Chi paga? Lo faccia chi può
Ciao Dino. Ho letto e riletto le lettere di Pierluigi Serra ed Antonio M., e trovo nella loro straordinaria semplicità l’essenza della nostra epoca. Il mare di Lampedusa ha portato ovunque le sue onde, lasciando sommersi i corpi e sulla cresta le voci. Siamo capaci di ascoltare? Siamo capaci di udire i lamenti come fossero i crepitii della nostra coscienza? È necessario enfatizzare le antitesi o le diverse visioni del problema per trovare, alla fine, “nella saggezza della morte” il filo della storia.
Secondo taluni, la povertà, ovvero la perdita del nostro essenziale livello di benessere materiale, dovrebbe esimerci dal proporre gesti esemplari, nati non dalla retorica pesudo-intellettualistica di chi tratta le faccende degli uomini avendo vissuto dietro una scrivania, libri in mano, magari in una agiatezza da “tè pomeridiano”, ma da chi si è confrontato quotidianamente con il limite ed il senso della vita; probabilmente prendendo “dagli ultimi” più di quello che ha dato. Eppure, mai potremmo affermare che chi “nega un euro” per una sepoltura che abbia un valore oltremodo simbolico, non voglia concedere e riconoscere dignità alla morte di quelli uomini.

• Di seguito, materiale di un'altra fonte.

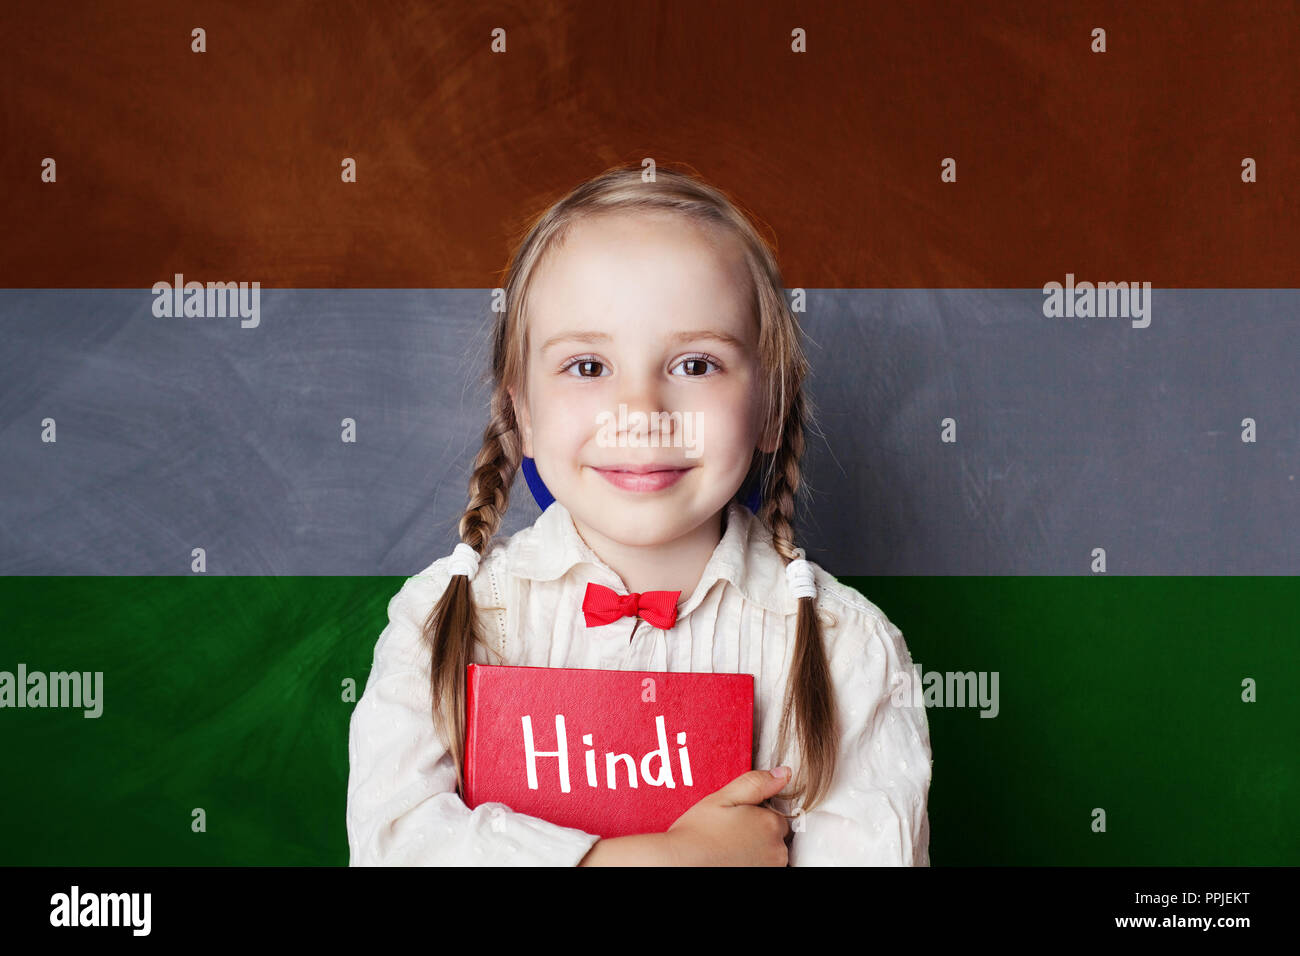 Hindi concept with little girl student against the India flag background. Learn hindi language Stock Photo

Dalla lettura e l’ascolto delle vicende dei migranti, scaturisce una profonda frustrazione che ci impedisce di cogliere appieno il dramma che si consuma nell’anima e nel corpo di ognuno di loro. A nessuno interessa il pietismo fine a se stesso, e nessuno è naturalmente portato all’esclusione, ma credo che le reazioni siano oramai dettate da un senso di confusione determinata da una puntuale produzione televisiva del dolore, fredda, commercialmente calcolata. È come se la televisione “uccidesse la morte” narrandone il contorno, con gli esiti didascalici delle dichiarazioni di circostanza, delle intenzioni, delle probabili soluzioni.

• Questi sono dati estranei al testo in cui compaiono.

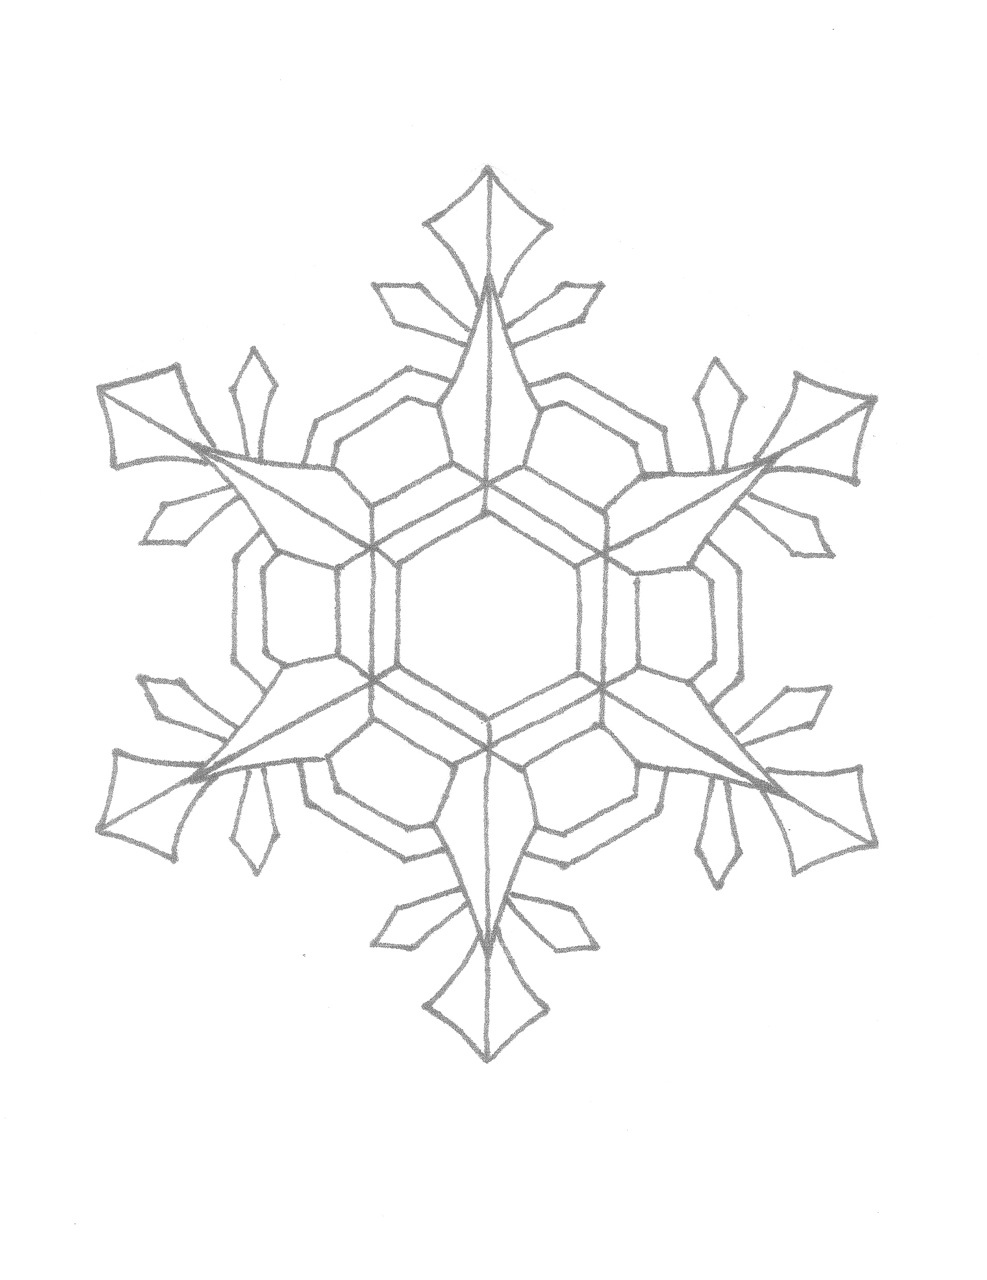 FREE! - Small Snowflake Colouring Page

Dovrebbero far parlare i migranti, per ore. Ascoltare le storie non come in uno spot televisivo, flash di umanità spalmati in pochi secondi, ma con l’intenzione di creare un confronto. Perché al confronto delle ricchezze si affianchi il confronto delle povertà.
Abbiamo (ovviamente generalizzo) sempre osservato ed ammirato la ricchezza degli altri, creando su quel presupposto una scala di valori che ha determinato scelte e comportamenti. In questa scala ideale abbiamo forse creduto di occupare i pioli più alti, lo sguardo rivolto verso l’alto, verso l’altrui ricchezza materiale. Ora la scala inizia a vibrare e sotto di noi si affollano “gli altri”, persone che non chiedono un euro per essere sepolte, ma chiedono di poter respirare la dignità della propria vita.
Chi paga? Domanda terrena, colma di pragmatismo ed apparente cinismo. Deve pagare chi può, perché se la ricchezza non è, e non deve essere, una colpa, non possiamo fare in modo che lo sia la povertà, la onesta povertà degli ultimi.
La scala vibrerà sempre più forte, non per la retorica delle mia affermazioni, ma per una ragione numerica, una banale ma fondamentale ragione numerica. L’affollamento degli ultimi, uomini e donne e bambini di un continente Africano usato ed abbandonato, potrebbe far rompere la scala; e pensiamo cosa sarebbe la nostra ricchezza e la nostra povertà.
Se morire è una colpa, se vivere è una colpa, se nascere è una colpa, può accadere di trovare un euro per ricaricarsi il telefonino e negarlo invece alla propria coscienza.